Two weeks before the primary election, Yancey explains away a bit more simply the criticism over his decision to run for both seats at once: “If it wasn’t that, it would be something else. If I was just running for mayor, they would find some other excuse; why hasn’t he raised as much money as someone else?”
So far, he has run an unconventional campaign, having raised just $30,551 from Jan. 1 through Aug. 31. It was only in August that he hired a handful of campaign staff members, who have been paid a total of about $2,000. He does not list a schedule of events on his campaign website or Facebook page.
“It’s almost a subterranean campaign,” he said, “but that’s fine with me.”
Still, he acknowledges that if he had raised more money, “I’d be running a lot of ads, as well. But it’s more about people than it is about money. But I understand you need money to reach the people.”
Raising money, he said, is one of the few things 30 years in office has not taught him to do well.
Yancey said he has harbored mayoral aspirations since the second of his 15 City Council terms. But, he said, this was the year “for a number of reasons, not the least of which is I’m getting along in years.”
So he said he made up his mind to run in November, long before Menino announced he would not seek a sixth term. He held a series of meetings with “key people.”
Then, he had to persuade his family; that took some work.

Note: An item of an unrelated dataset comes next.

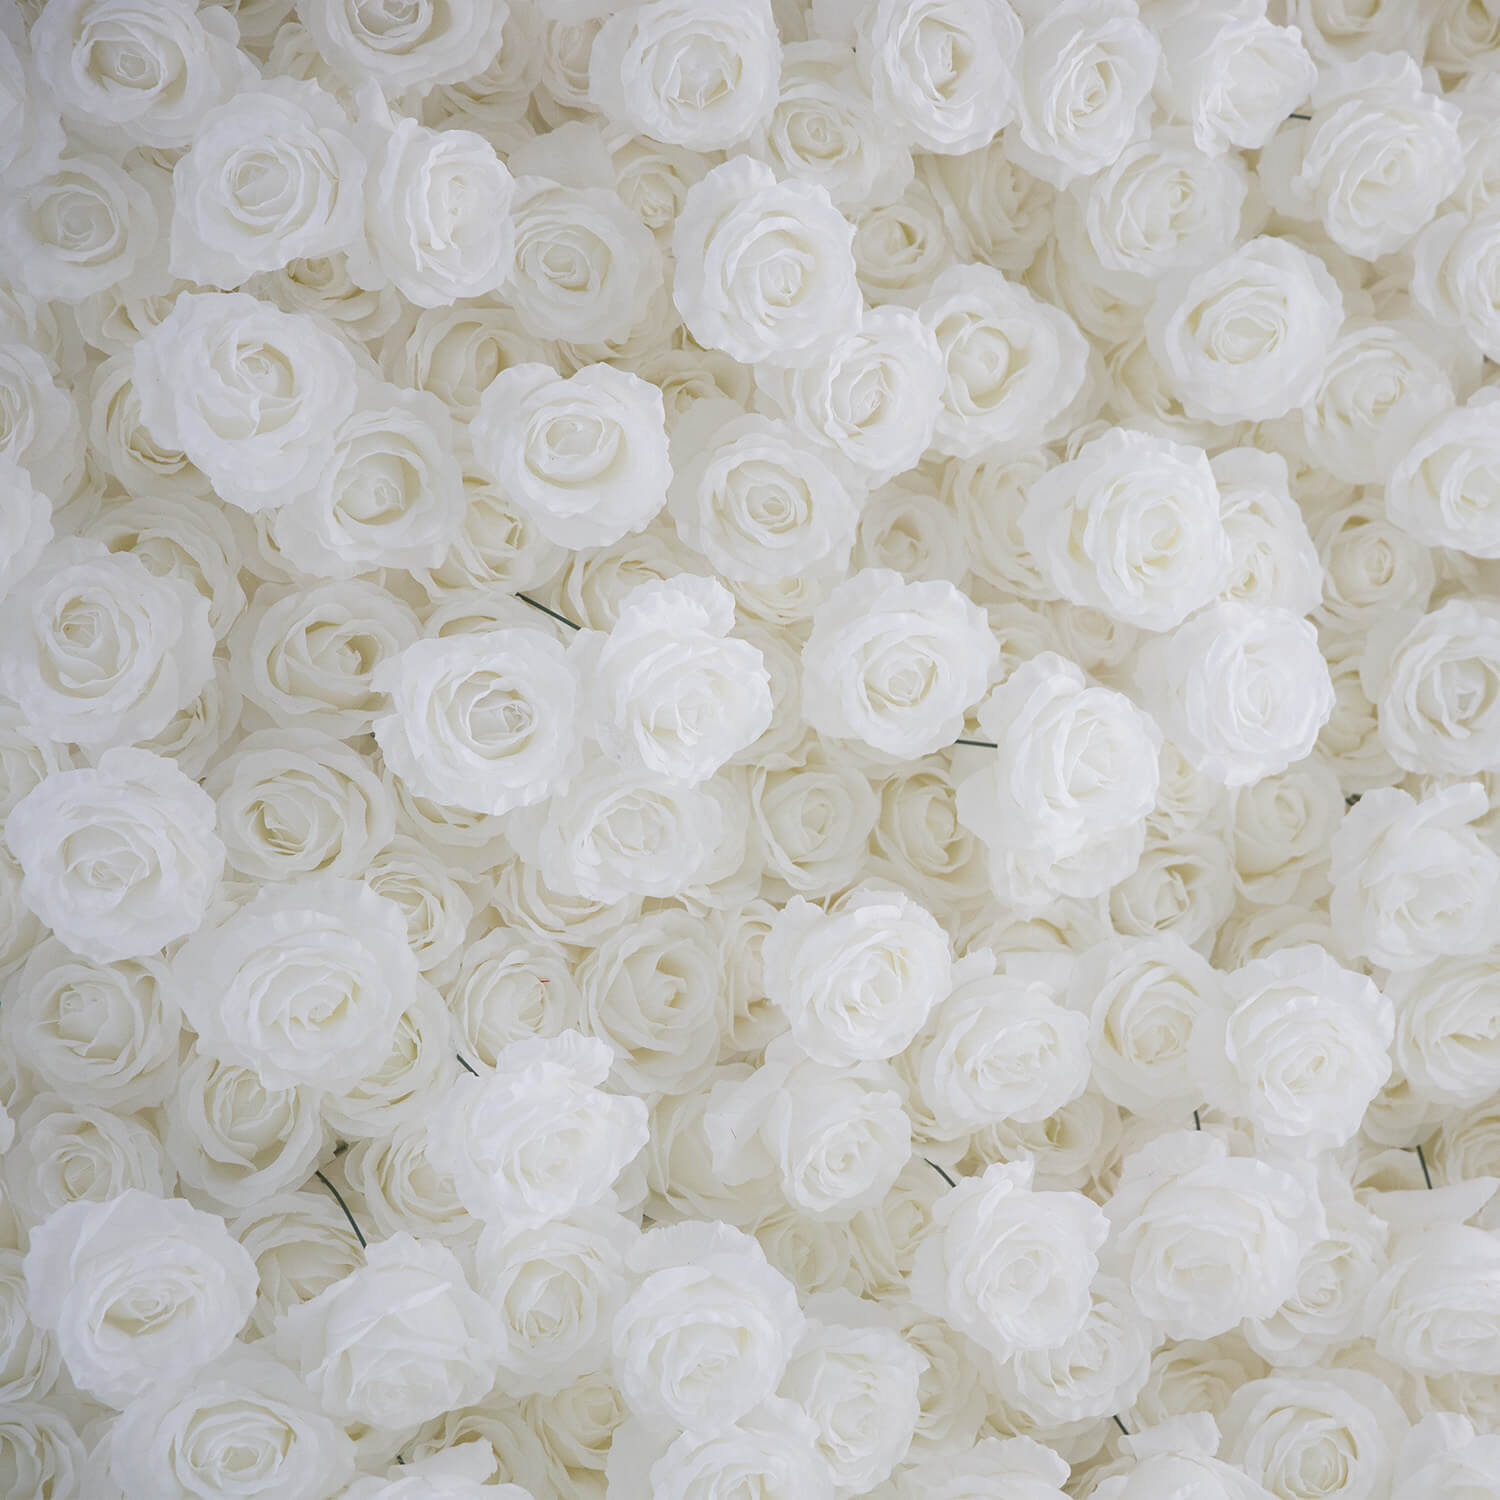 Full White Roses Fabric Artificial Flower Wall For Wedding Arrangement ...

“It’s a financial sacrifice to stay in public office,” he said. “We have to pay student loans for our children, like everyone else.
His wife of 43 years, Marzetta Morrissette Yancey, can often be seen on the campaign trail, even filling in for him on occasion. Her husband was one of nine children and the first to go to college.

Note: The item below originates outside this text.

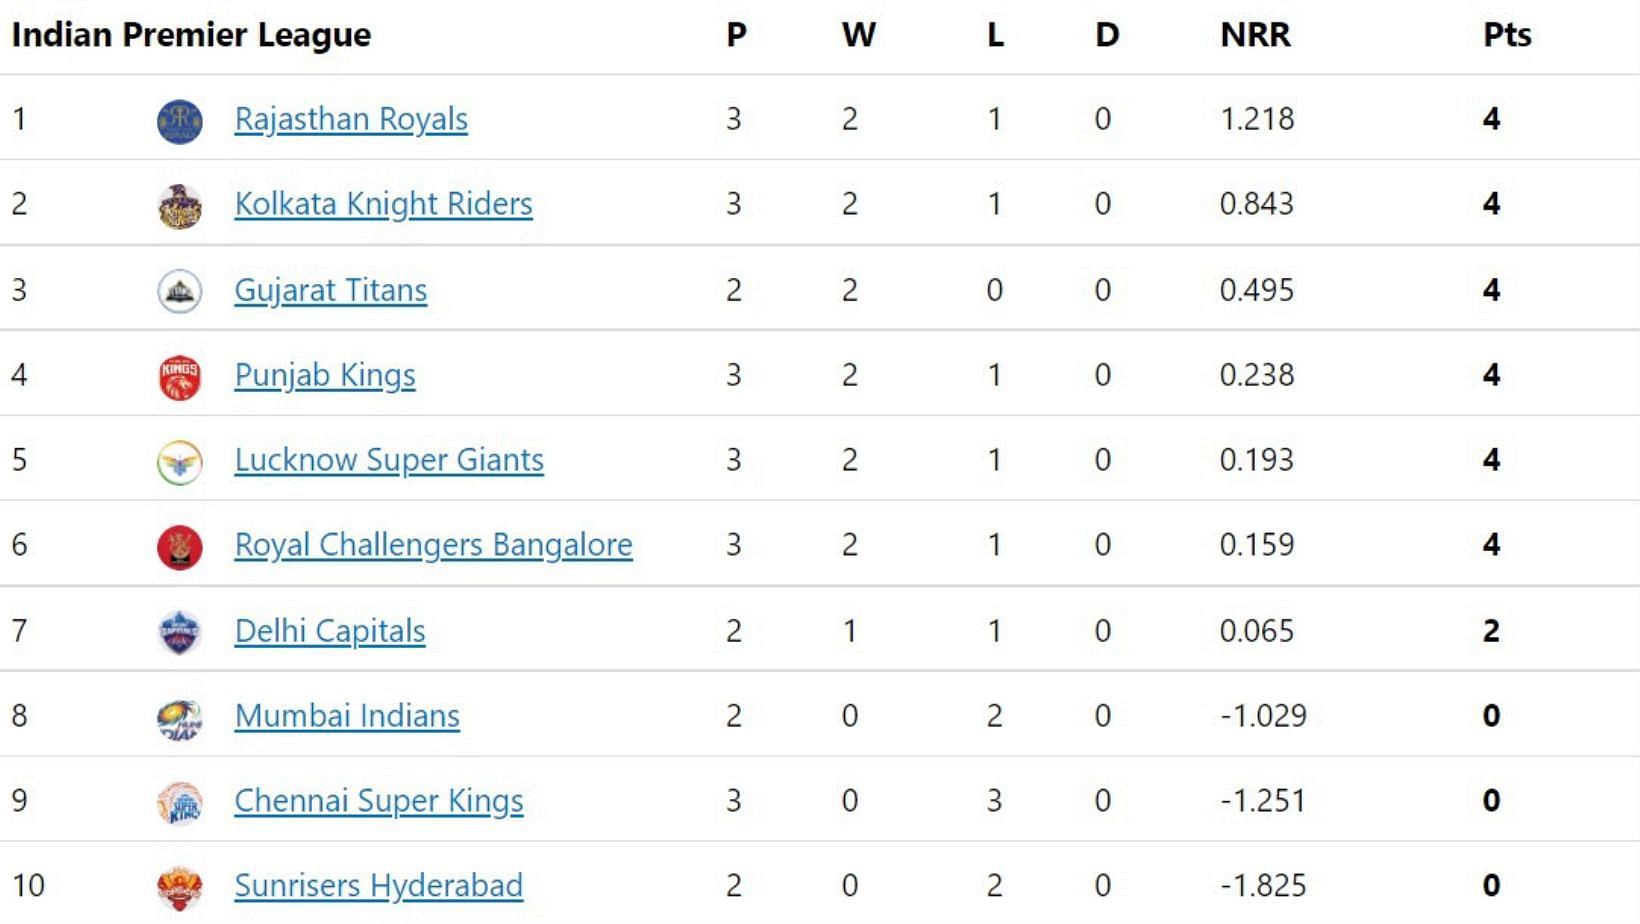 RCB jump to sixth in IPL 2022 points table.

“Charles was born right here in Roxbury, 64 years ago,” she said at a recent Franklin Field Elderly Task Force meeting. “If he can help, he’s right here. Always been. He’s out front. He’s outspoken. He takes a stand.”
Residents in the room remember when Yancey, as a Tufts student with a full head of hair, mentored their children, taking them on college tours. “He wanted the young people to know their future was unlimited,” Ruby Perry said.

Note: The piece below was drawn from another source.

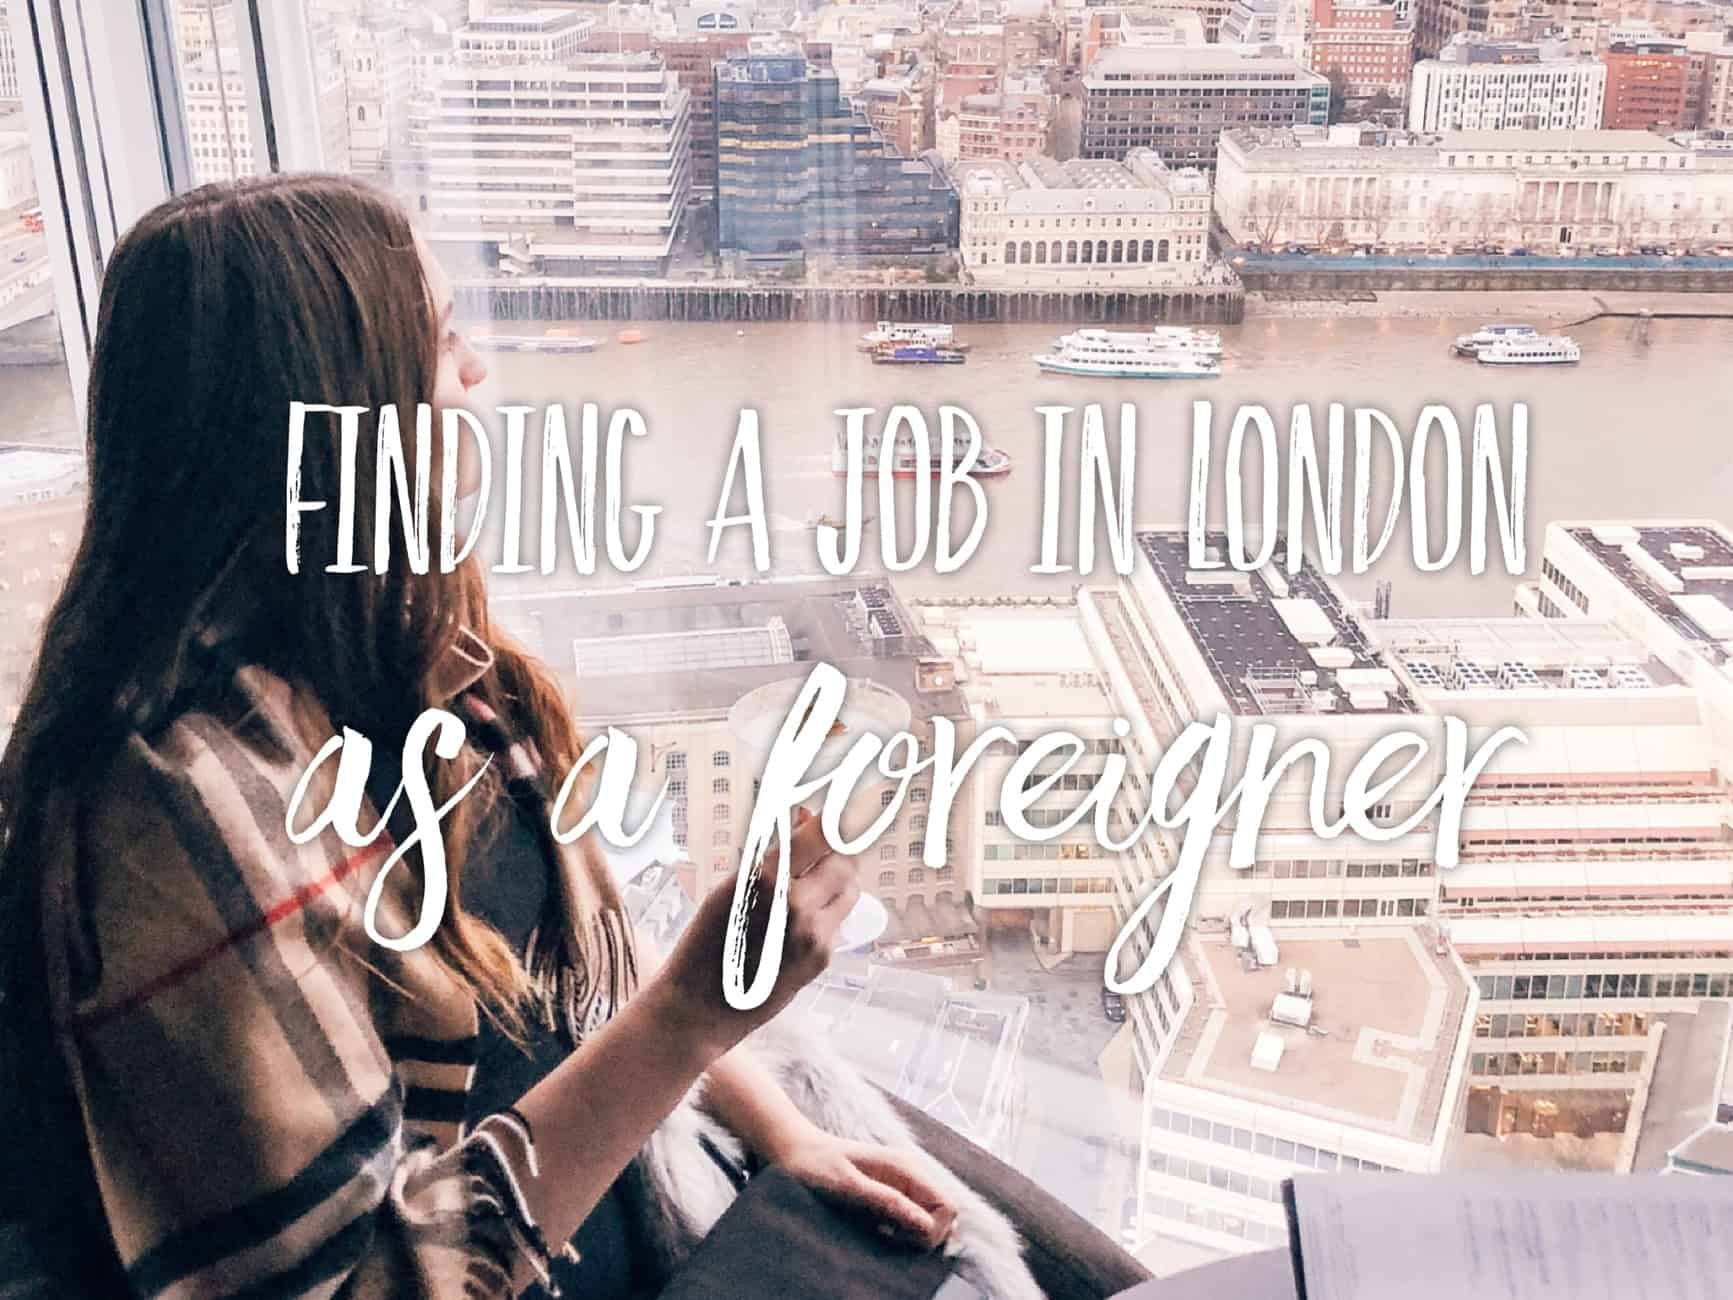 How to find a job in London as a foreigner: challenge accepted

But Yancey’s time on the stump is not always so much of a homecoming. There is more than a little cynicism about his run for mayor. He champions his work fighting for the disenfranchised. But he also relentlessly advocates for something else when no one else does: a high school for Mattapan.
Answers to most campaign questions circle back to the project, which Yancey has pushed for years, proposing as recently as this year a $115 million loan order to build a state-of-the-art high school on the former grounds of the Boston State Hospital. The proposal, which has been on the table since 1999 when Yancey first requested the funds, was defeated in an 8-to-5 council vote in July.
A 1996 blue-ribbon commission called for the school, saying the district put students in formerly “condemned” facilities, basements, and storefronts. Yancey asserts that nearly 4,000 Boston high school students still attend classes in similar conditions. City officials, while acknowledging that some buildings need work, say there are 3,000 empty seats in high schools — too many to justify a new school.
But Yancey keeps pushing, bringing up the high school whenever and wherever he can. It is his drumbeat on the stump, a tactic employed to make sure it stays in the forefront. “And I make no apologies for it,” he says.
He has faced opposition before, turning nos into yeses, he said, pointing to the Dorchester/Mattapan police station, the Mildred Avenue Community Center, the new Mattapan library.
“I haven’t just been sitting on my hands all these years,” he said. “We’ve made a difference against the odds.”